Beef prices across the United States have soared to their highest levels in decades, igniting a political and economic battle that has reached the White House. Donald Trump, who once boasted that inflation was “dead,” now faces growing frustration as expensive beef threatens his promise to lower grocery prices for American families. This week, he publicly urged ranchers to cut cattle prices. But his push — and new proposals from his administration — have triggered anger among ranchers who warn his plans could harm small producers while failing to bring relief at the checkout.
America’s cattle industry on the brink
The US cattle industry has been shrinking for over four decades. Beef supplies have dropped even as demand remains strong, sending prices higher. The national cattle herd has fallen to its lowest level in nearly 75 years. Since 2017, more than 150,000 cattle ranches — around 17% of the total — have disappeared, according to the Agriculture Department.
Ranchers say they are squeezed by powerful meat processors that dominate the market.

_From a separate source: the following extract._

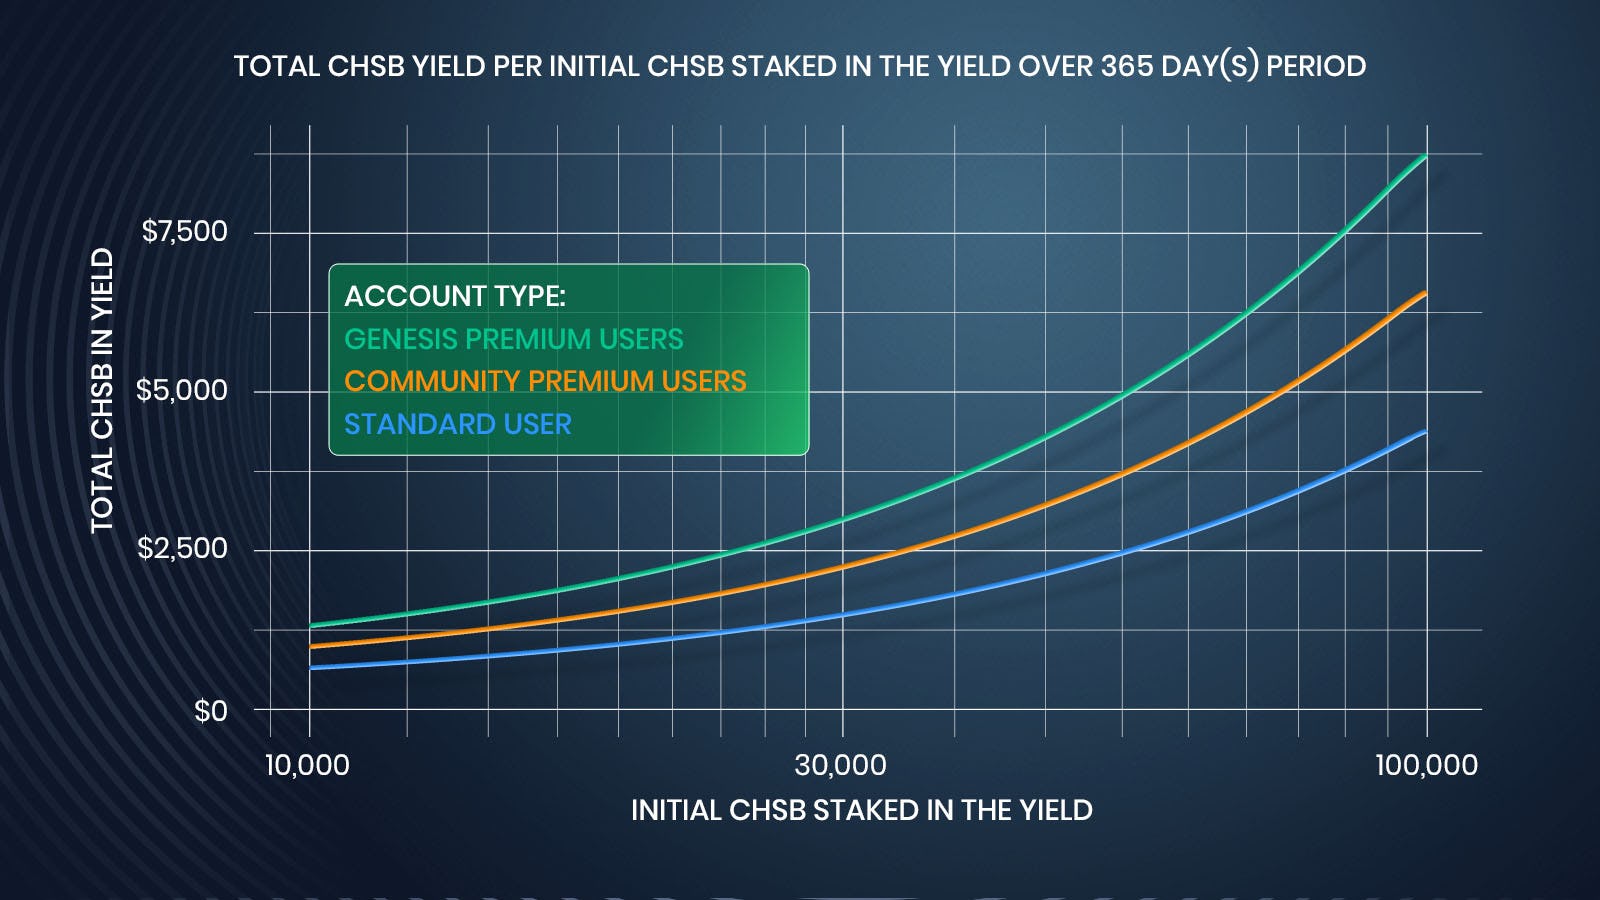 CHSB im Yield über eine 365 Tage-Periode

Rising prices for fertiliser, feed, and machinery have added to the pressure. Years of drought have forced many to cut their herds, leaving the industry more fragile than ever.
In Illinois, rancher Christian Lovell said the fields where his cows once grazed are now dry and cracked. “You put all these together and you have a recipe for a really broken market,” said Lovell, who works with the advocacy group Farm Action.

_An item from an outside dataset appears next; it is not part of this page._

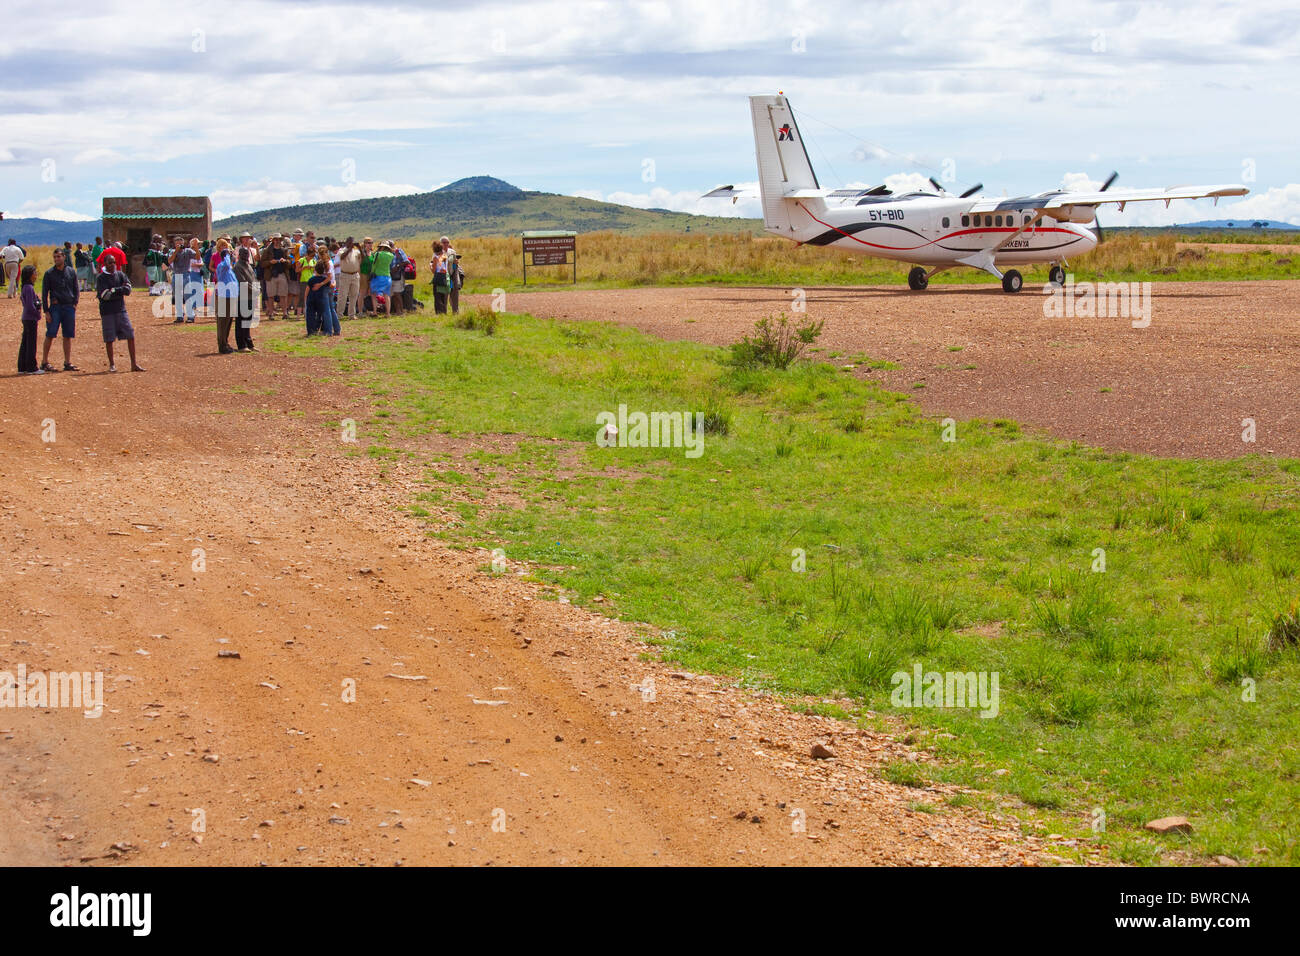 Air Kenya flight arriving in the Masai Mara, bringing tourists for safari, Kenya, East Africa Stock Photo

Prices soar far above inflation
Beef prices are rising much faster than overall food inflation. Ground beef prices climbed 12.9% over the past year, while steaks jumped 16.6%, according to government data. A pound of ground chuck now costs $6.33 — up from $5.58 a year ago. Meanwhile, overall food inflation stands at just 3.1%.

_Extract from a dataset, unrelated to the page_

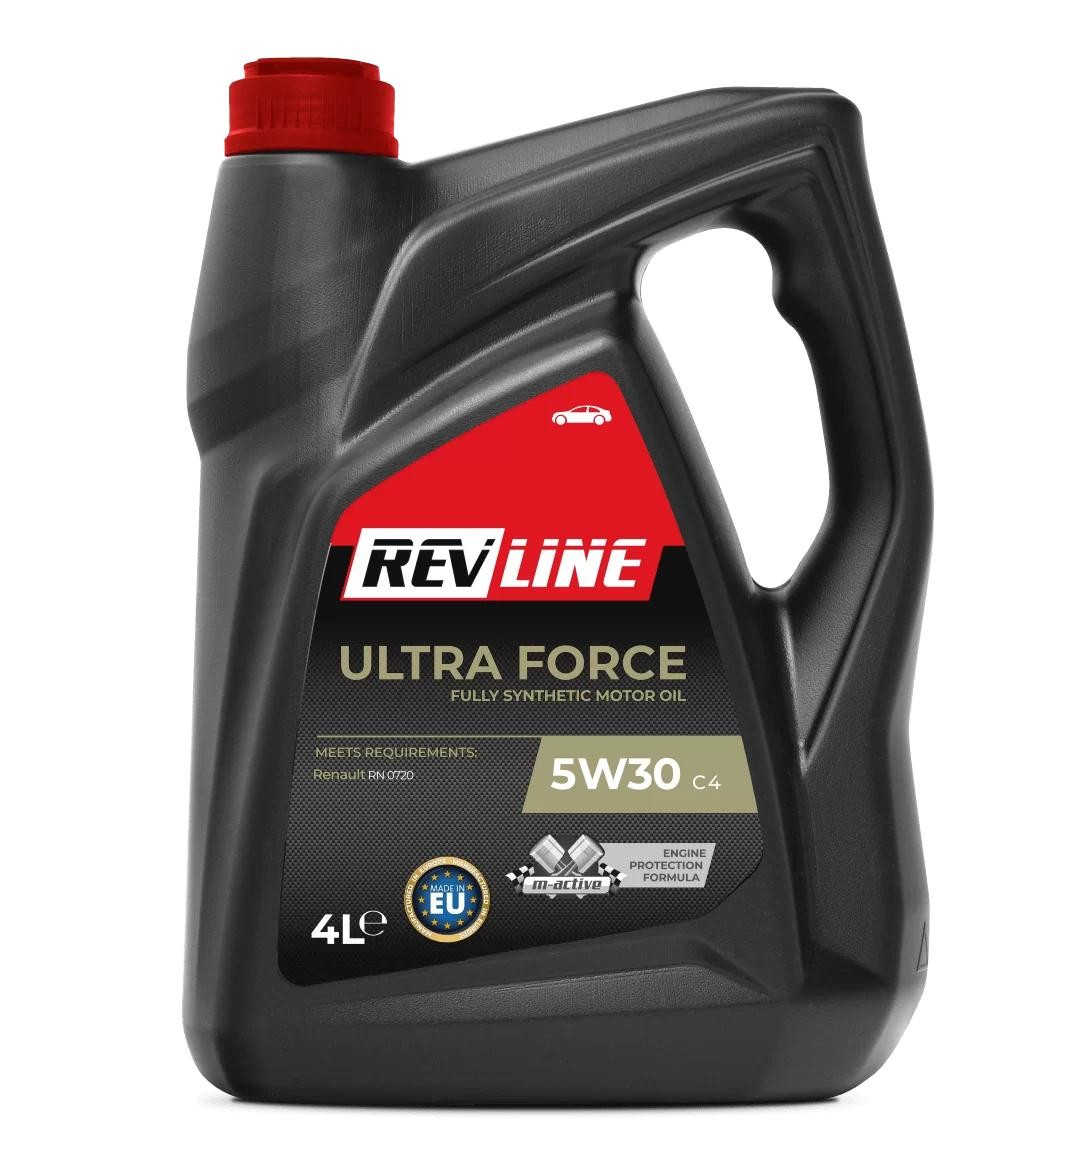 Automobile oil ACEA C4 REVLINE - 5901797927196 Ultra Force, C4

“The cattle herd has been shrinking for several years, yet people still want that American beef,” said Brenda Boetel, an agricultural economist at the University of Wisconsin, River Falls.
Derrell Peel, an agricultural economics professor at Oklahoma State University, expects prices to stay high until the end of the decade. Rebuilding herds takes years, he said, leaving the Trump administration with limited options to cool the market quickly.
Import plan sparks political backlash
The Agriculture Department this week unveiled a plan to strengthen domestic beef production by expanding grazing lands and helping smaller meat processors. But Trump’s separate proposal to import more beef from Argentina — possibly quadrupling current levels — set off a firestorm in farm country.
Eight House Republicans wrote to the White House, warning that the plan could devastate American ranchers. Even the National Cattlemen’s Beef Association, which has supported Trump in the past, criticised the move, saying it “creates chaos for producers while doing nothing to lower grocery store prices.”
Trump defended his position, highlighting tariffs that restrict imports from Brazil. “They have to get their prices down,” he wrote. “The consumer is a big factor in my thinking.” His explanation, however, did little to calm ranchers’ anger.
Justin Tupper, president of the US Cattlemen’s Association, said the proposal would mainly benefit the country’s largest meat processors. “I don’t see that lowering prices here at all,” he said.
The grip of corporate giants
Experts say the biggest problem lies in the power of four meat companies — Tyson, JBS, Cargill, and National Beef — which control more than 80% of US beef processing.
“These are consolidated markets gouging ranchers and gouging consumers,” said Austin Frerick, an agricultural policy expert at Yale University.
The companies have faced several lawsuits, including one from McDonald’s accusing them of colluding to inflate beef prices. Earlier this year, Trump rolled back a Biden-era order that sought to curb corporate concentration in food production. Despite that move, his administration has launched new investigations into competition practices in agriculture.
Ranchers warn of collapse
In Kansas, rancher Mike Callicrate has managed to survive by cutting out middlemen and selling beef directly to consumers. But he admits that most ranchers cannot afford to do the same. Many have already left the industry — and few see a reason to return.
“We’re not going to rebuild this cow herd — not until we address market concentration,” Callicrate said. He supports expanding grazing lands but insists, “Without a fair market, you’re a fool to get into the cattle business.”
Bill Bullard, head of the trade group R-CALF USA, closed his 300-cow ranch in South Dakota in 1985 as the industry consolidated. He said ranchers have only recently begun earning higher prices because supplies have become so tight that processors were forced to pay more.
Still, Bullard said the market remains unbalanced. Heavy reliance on imports and the dominance of big processors have crushed ranchers’ confidence. “He’s focused on the symptoms, not the problems,” Bullard said of Trump’s plan.
As beef prices continue to climb and family ranches vanish, the political pressure is rising fast. Trump now faces a test that could define his economic legacy — can he satisfy both struggling ranchers and frustrated consumers before the beef market breaks?